We collected a cohort of 29 Dutch ALL patients across multiple treatment protocols who had multiple relapses. Using whole genome sequencing of the sequential tumor samples of each patient we were able to distinguish the mutational processes active in relapsed ALL and track the activity of mutational processes over time. This allowed us to investigate the timing and duration of mutational processes during disease progression as well as their impact on relapse development.

Materials and methods

Cohort

Twenty-nine multiply relapsed patients, with ≥2 bone marrow relapses, were included. A cohort of in-house produced whole genome sequencing of 114 ALL initial diagnosis samples and four ALL relapse samples was used as reference.

Sequencing

Whole genome sequencing was performed on Illumina Novaseq 6000 (Illumina, San Diego, CA) using S4 flowcells to generate 150 base-pair paired-end reads. Sequencing quality was consistent throughout the cohort with insert sizes of ~500 bp and duplicate rates of 8–15%. Average coverage was 15x (50 Gbase) for remission samples, 30x (100 Gbase) for tumor samples and 60x (200 Gbase) for tumor samples with a lower blast percentage.
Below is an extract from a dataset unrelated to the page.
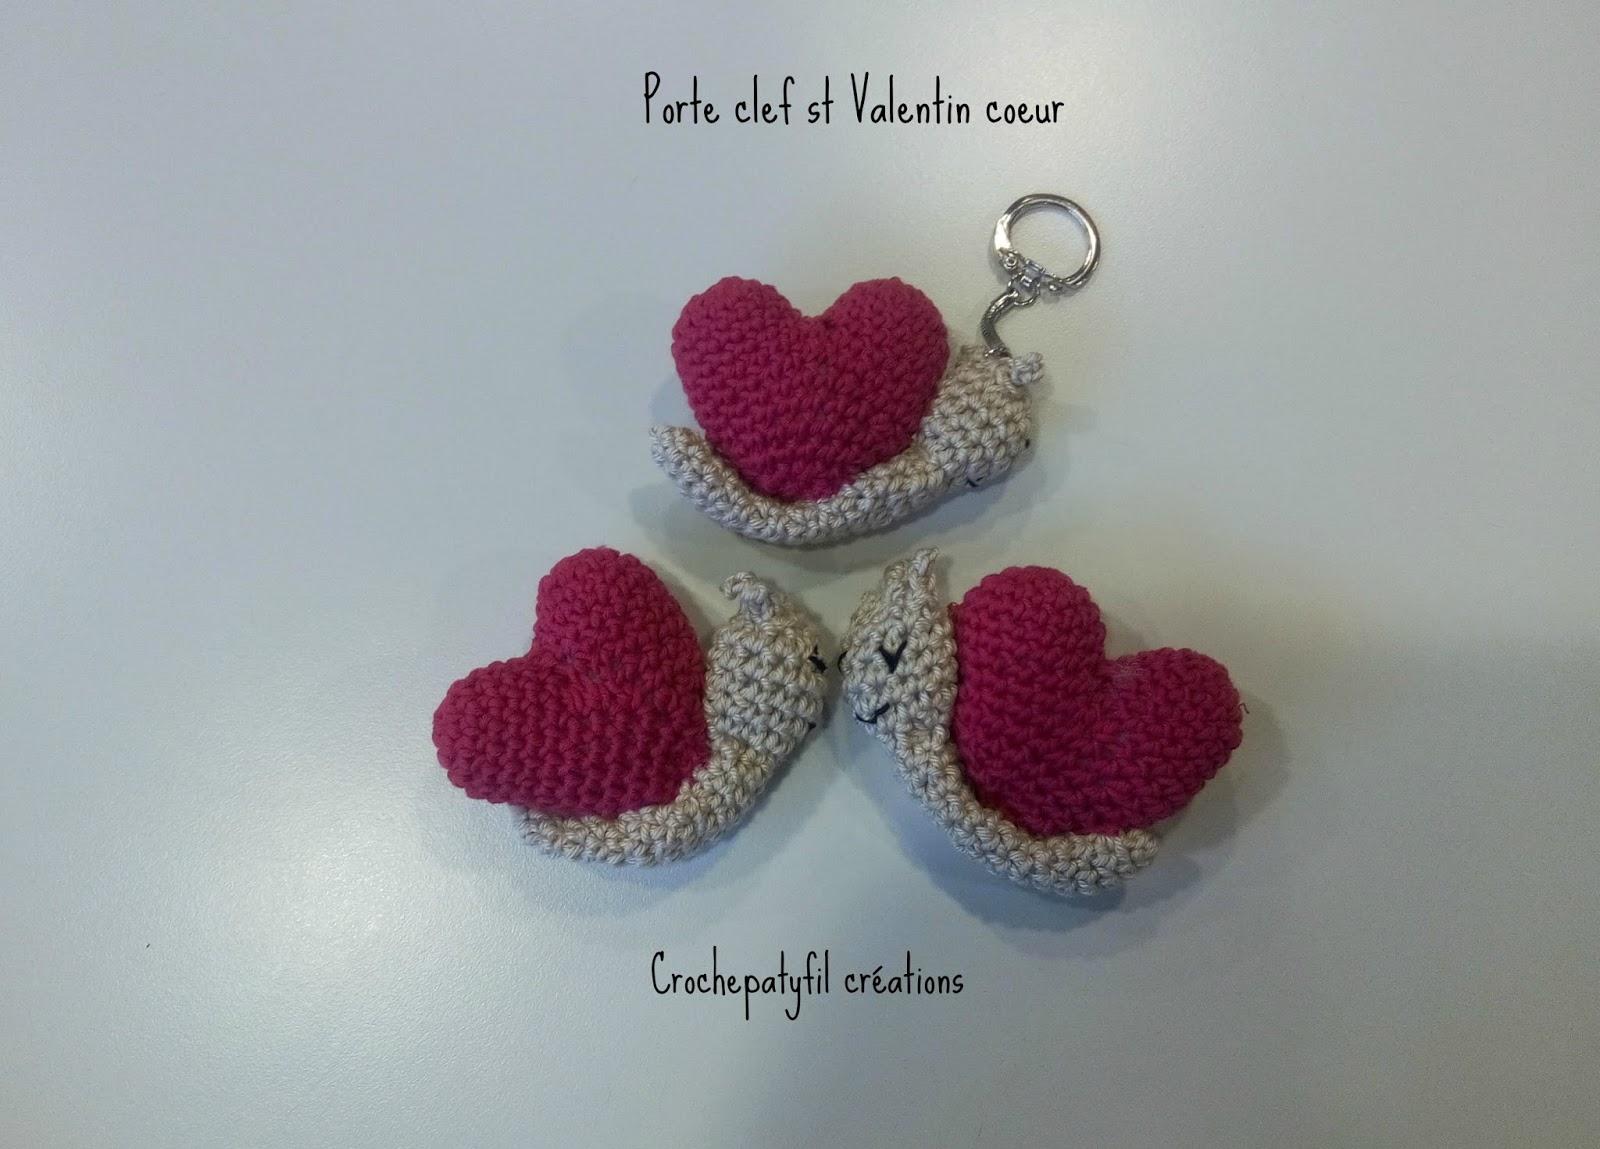 Crochepatyfil cr ations porte clef coeur escargots for Qui portent des crochets

The reference cohort was entirely sequenced by the Princess Maxima Center diagnostic laboratory with a 30x coverage for remission samples and a 90x coverage for tumor samples. Targeted deep resequencing was performed for 32 039 somatic SBSs found in 23 tumors belonging to six patients with a custom Roche panel KAPA HyperChoice MAX 20 Mb (Roche, Basel, Switzerland). Sequencing was performed on a Novaseq 6000 using a S1 flow cell, with >1000X sequencing depth. Following GATK’s best practices [21], the Burrows-Wheeler aligner (BWA) [22] was utilized to map the reads of each sample to the GRCh38 human reference genome. Subsequently, duplicate reads were identified and marked using Picard v2.20.1 [23] and base quality score recalibration was performed with GATK v4.0.1.2. Mutect2 from GATK v4.1.1.0 was used for mutation calling of somatic SBSs, DBSs and indels using all available tumor and normal samples per patient. Mutations were annotated using Variant Effect Predictor (VEP) v105 [24], filtered using a compiled list of ALL drivers [8, 9, 25,26,27] (Table S1) and classified as pathogenic if VEP v105 scored a high or moderate impact or CADD score [28] ≥20.

Clustering somatic SBS

SBSs were clustered using a custom binary grouping algorithm. This method simplified the data by transforming the mutant allele frequency (MAF) of all tumors for each mutation into binary values. Present mutations, with a MAF above 0, were assigned a value of 1, whereas absent mutations with a MAF of 0 were assigned a value of 0. Mutations with the same sequence of binary values were assigned to the same cluster. Next, the MAF distribution was assessed for each time point of all mutation clusters, to determine if multiple (sub)clones were present in a single mutation cluster. If the MAF showed a multimodal distribution, the cluster was split at the minimum between modalities.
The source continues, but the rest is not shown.